ANR Health: Plan for Success

Thursday, October 9, 2014

Plan for Success

True success doesn't just drop into our laps.  It usually follows a great deal of hard work which is why we need to admire those who can run marathons or wear a size 6 or stand tall at age 86 rather than stoop. Admittedly those are the people I sneer at and secretly hate - well, not the 86 year old.  That person I honestly admire for having good posture for their entire life and now looking  at the world rather than the pavement.

Health success does not come out of a bottle, as much as we at ANR would like you to believe.  Supplements are called that for a reason.  They are supplementing what we should already be doing not substituting for poor eating.  While building successful health practices, supplements will offer strong support. The key, however, is planning for successful health practices.

Every coach, be it weight loss or basketball, has a plan for winning.  Most of the plans are similar, be observant, plan and practice.  A player watches the game film and notices a flaw in delivery. He and the coach come up with a plan to correct the flaw and then the player practices all week to correct and improve.

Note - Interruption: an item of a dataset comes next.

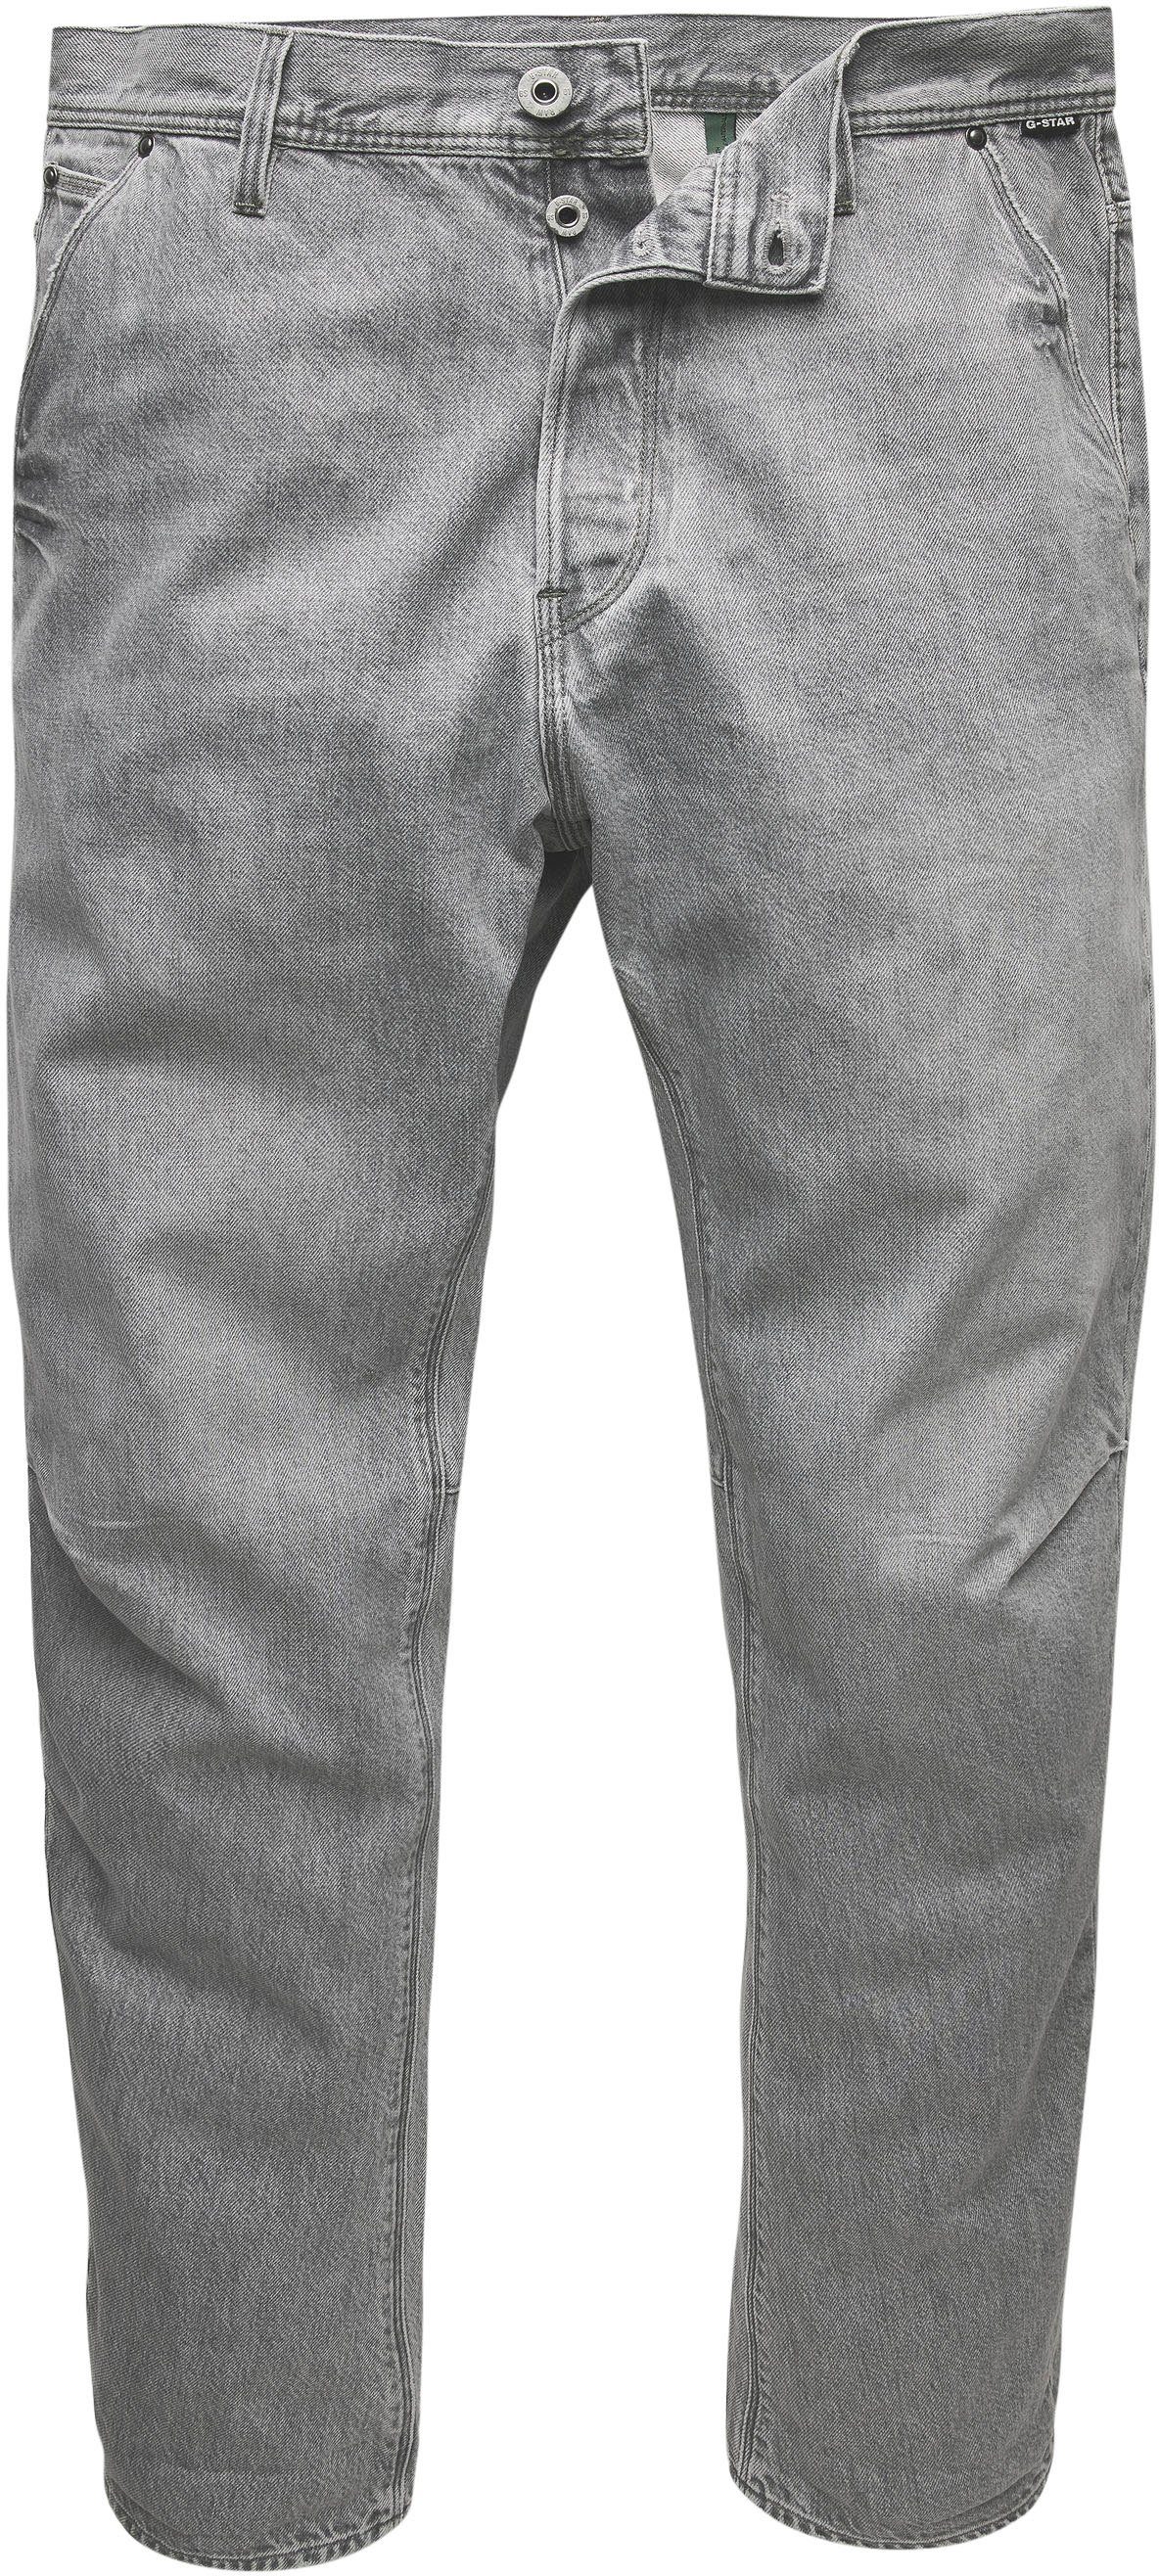 faded RAW G-Star Tapered Tapered-fit-Jeans grey Relaxed Grip 3d

Be observant.   We often don't know ourselves as well as we think. We think we only ate 10 M&M's, but actually the bowl is almost empty. It feels like we walked 5 miles today, but what would a pedometer say?  Whatever is your Big Picture (refer to yesterday's blog), take notes about things that are impeding your success.
  • Carry a small notebook or use a smartphone to record what you eat, when, who you are with, and how you are feeling.
  • Using a pedometer or gps, write down how far you truly walked/ran.
  • Put a large calendar in your bathroom and every night jot in that day's square whether you worked out/how far you walked/how many veggies you ate/whether you flossed.  Whatever healthy behavior you are working on, make a note. We are gathering data.

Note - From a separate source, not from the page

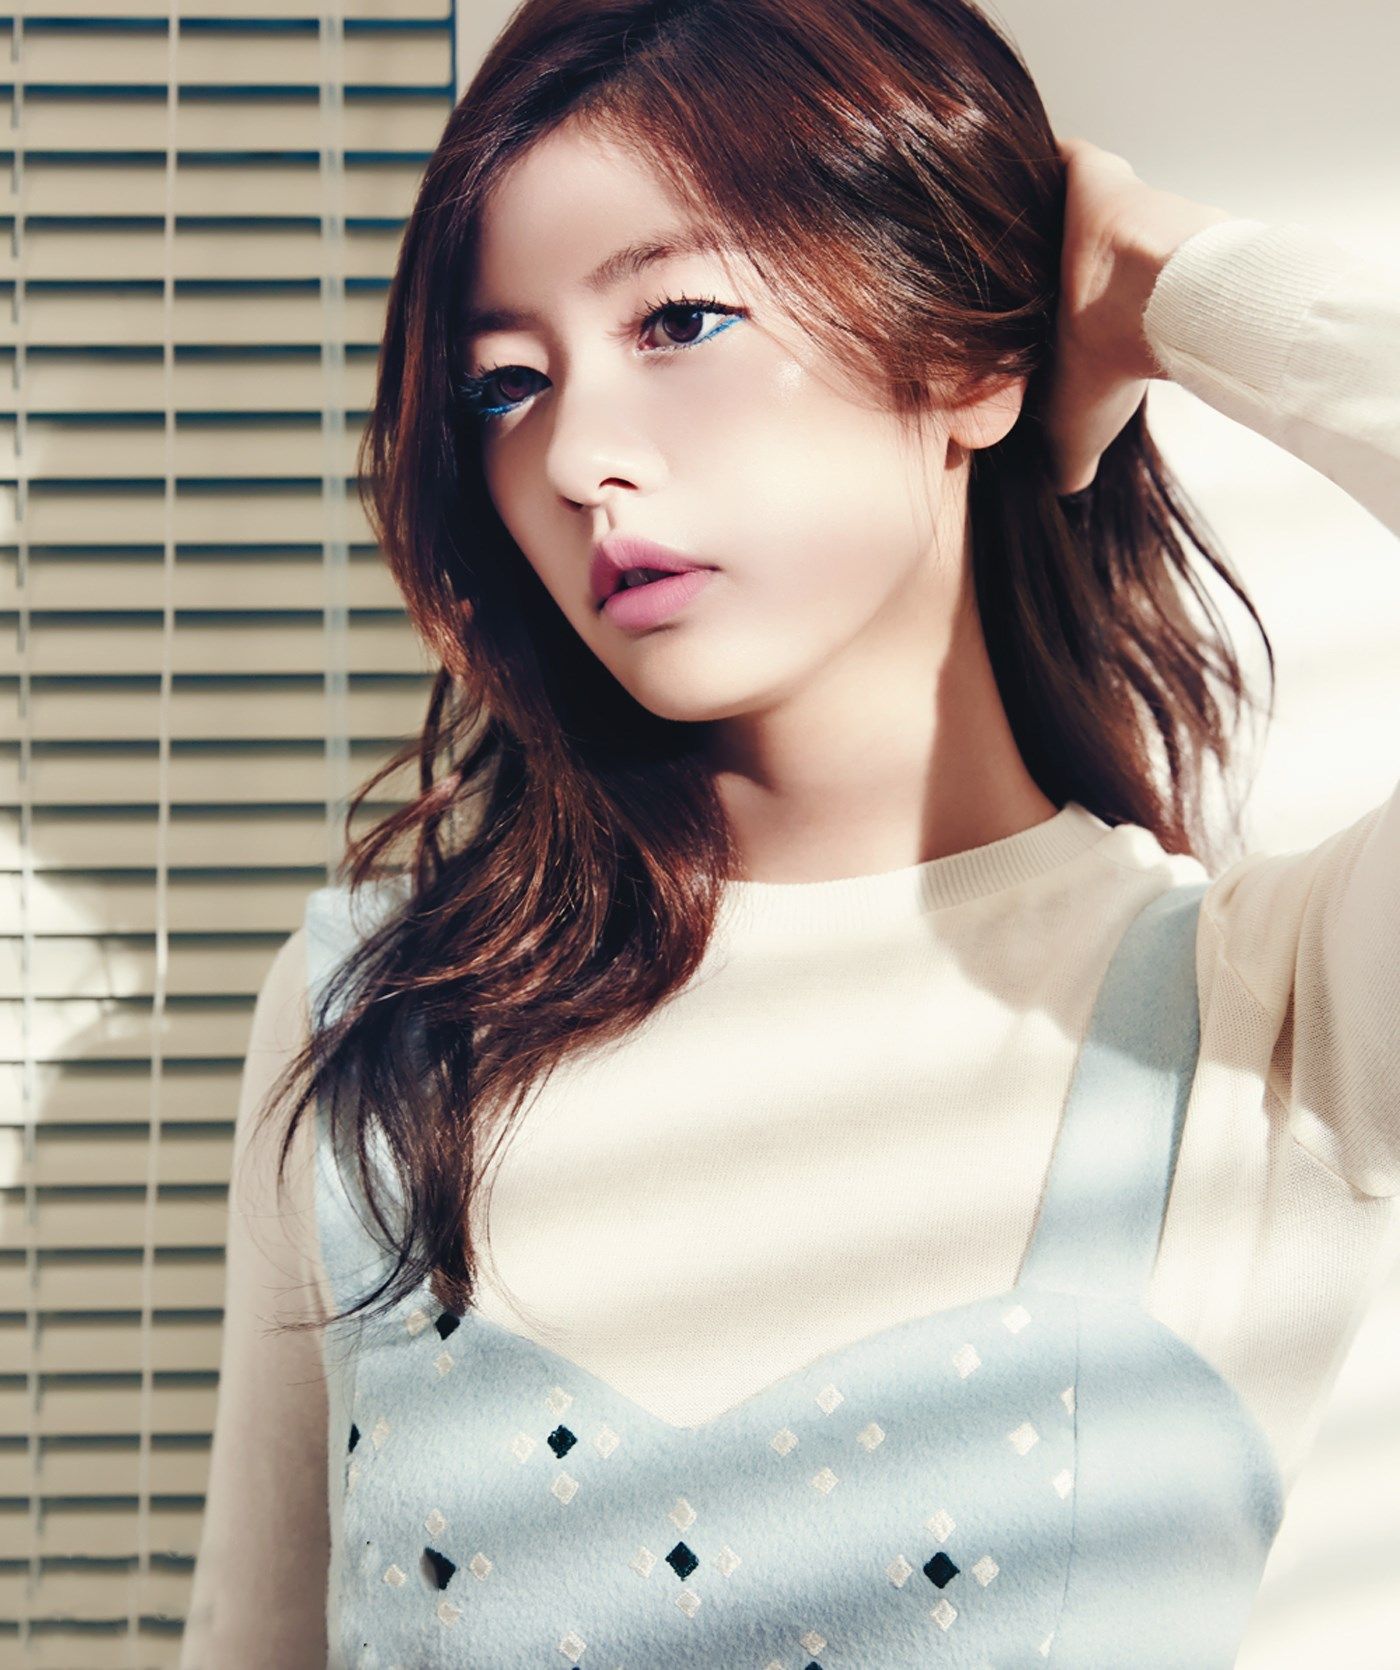 Jung So Min. Known people people news and biographies

Plan for success.   Look over the gathered data and figure out the triggers.  When do I overeat? Why do I roll over and skip the gym?  Do I not floss at 10pm because I'm too tired?  These are obstacles to health success.  Now identify what to do when faced with those obstacles by designing if-then statements.

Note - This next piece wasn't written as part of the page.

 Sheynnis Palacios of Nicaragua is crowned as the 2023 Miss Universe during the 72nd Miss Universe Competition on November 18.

  • If watching tv is a trigger for overeating, then I change what I eat.  Instead of buttery popcorn, I'll have air popped popcorn lightly seasoned with olive oil.
  • If I'm too tired to floss at 10pm, then I will floss at 8pm and eat nothing more.
  • If I roll over and skip the gym, I'll find a workout buddy who is expecting me to show.
Practice.   By practicing healthy behaviors we can build healthy habits. The routine of the Little Steps (again, yesterday's blog) such as flossing at 8pm every night will eventually become habitual and our bodies will miss it if skipped.  We just won't be able to sleep with grit between our teeth. Trust me when I say that after a year of air popped popcorn lightly covered in olive oil, I cannot eat movie theater popcorn.
Identify behaviors and triggers, plan for them and then practice. 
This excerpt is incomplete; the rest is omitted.